**To do:**
Exactly as written, write out the lines below from the first to the one containing "It's not hard", inclusive. Pictures do not belong in the copy.

**Collected material:**
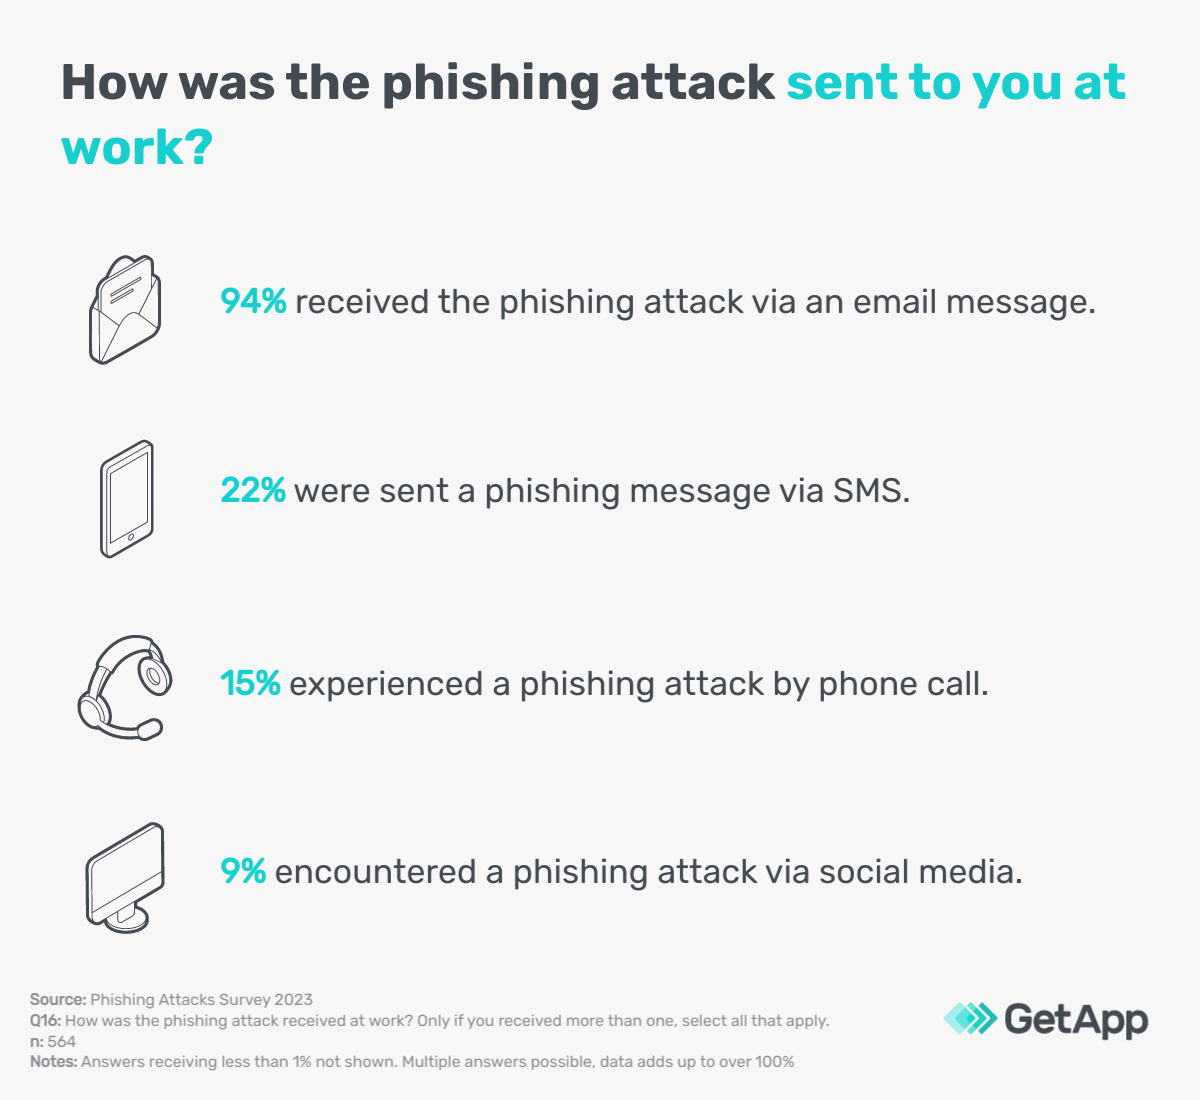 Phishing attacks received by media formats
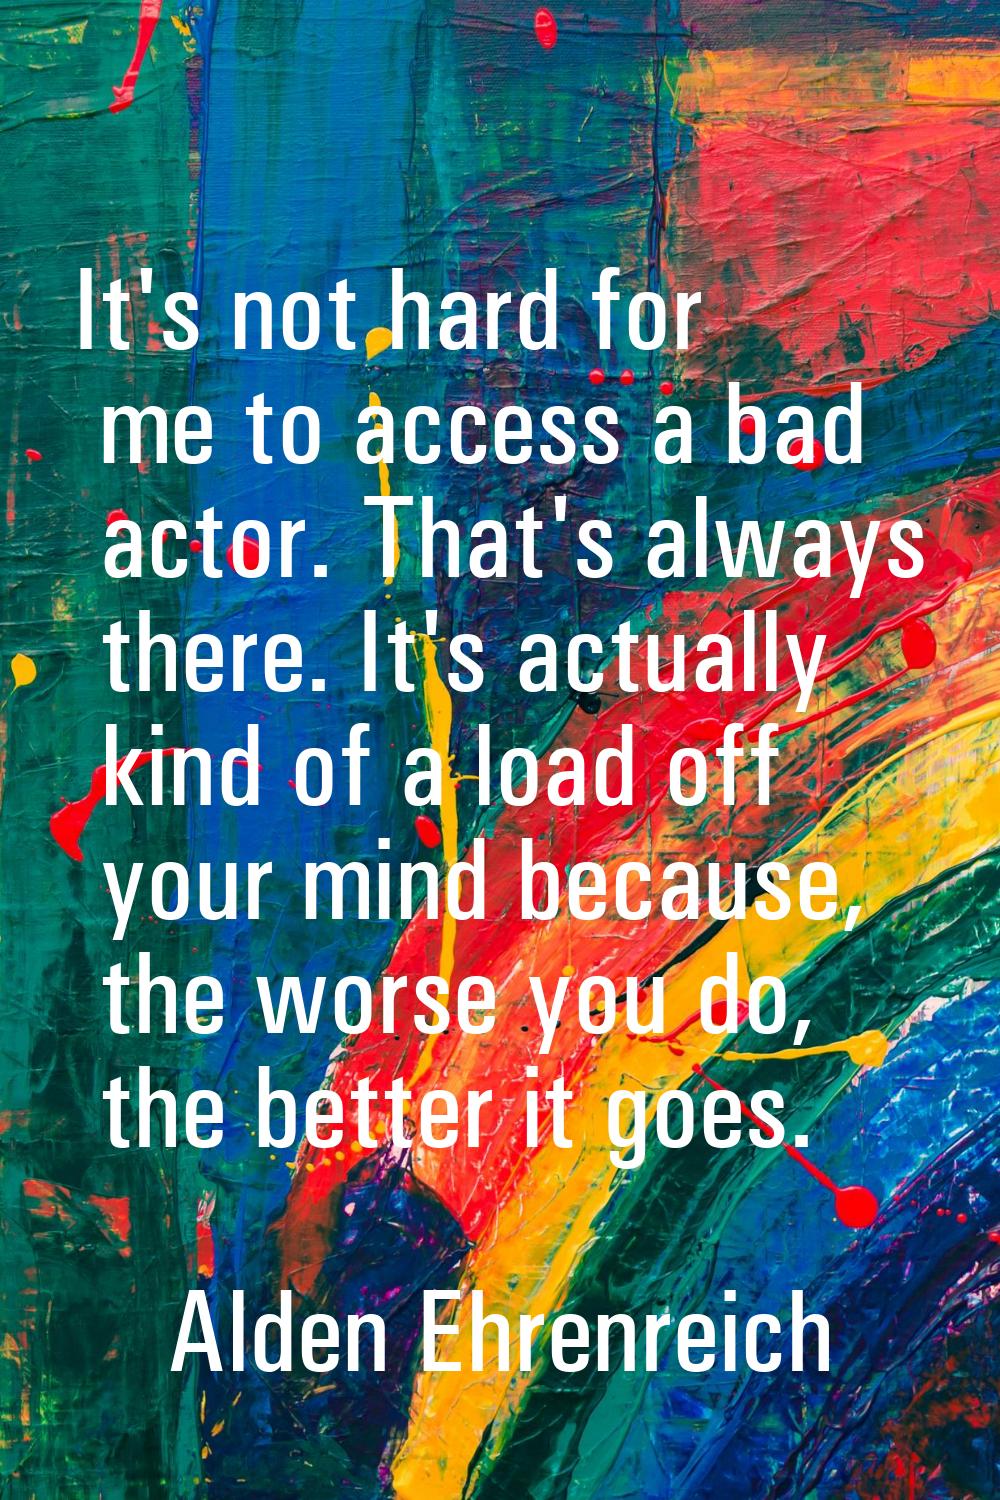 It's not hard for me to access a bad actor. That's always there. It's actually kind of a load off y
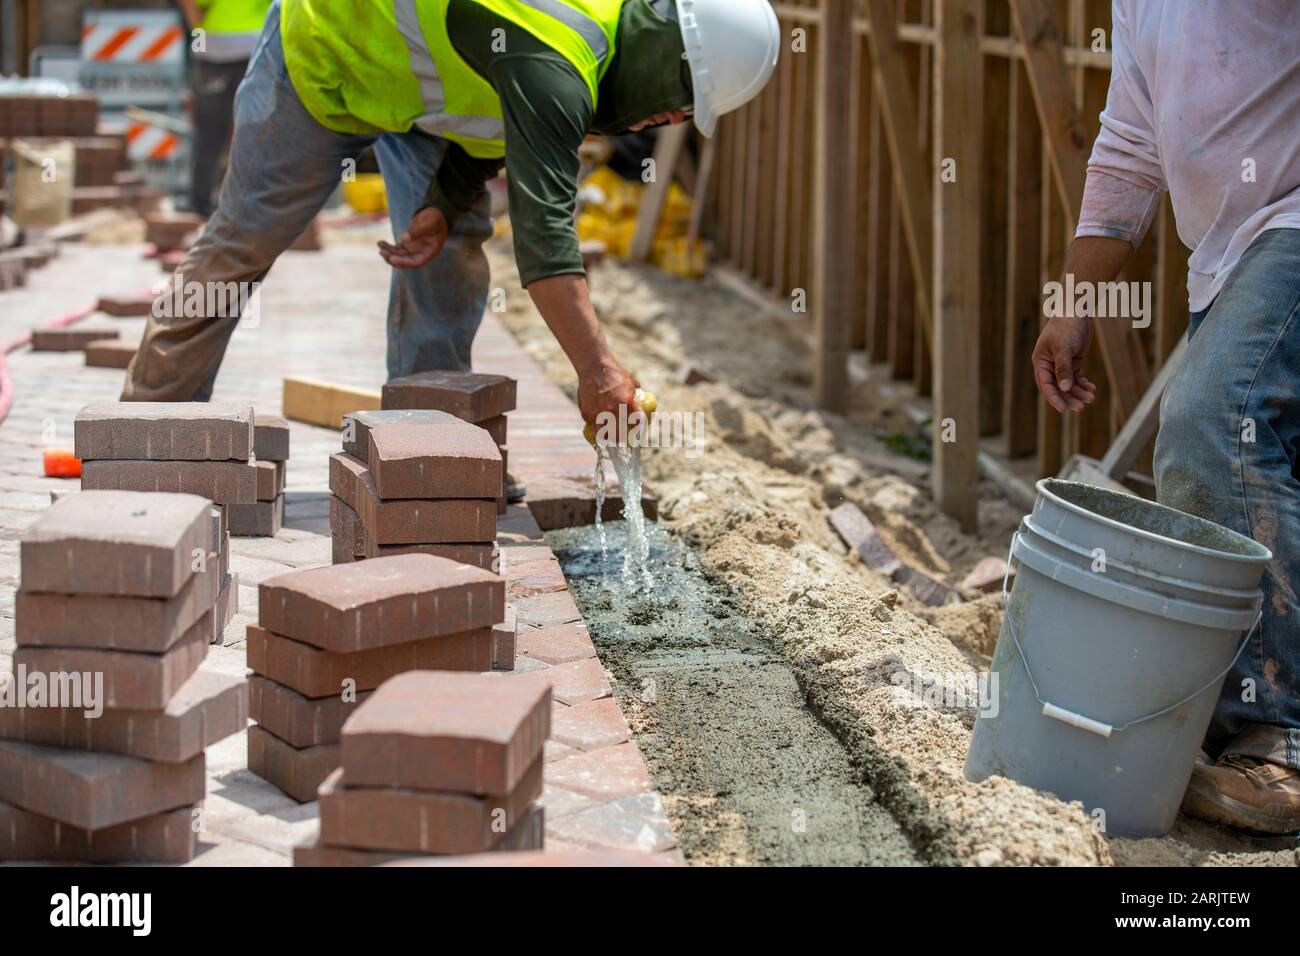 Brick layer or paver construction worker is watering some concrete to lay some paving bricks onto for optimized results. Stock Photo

**Written solution:**
 Phishing attacks received by media formats
 It's not hard for me to access a bad actor. That's always there. It's actually kind of a load off y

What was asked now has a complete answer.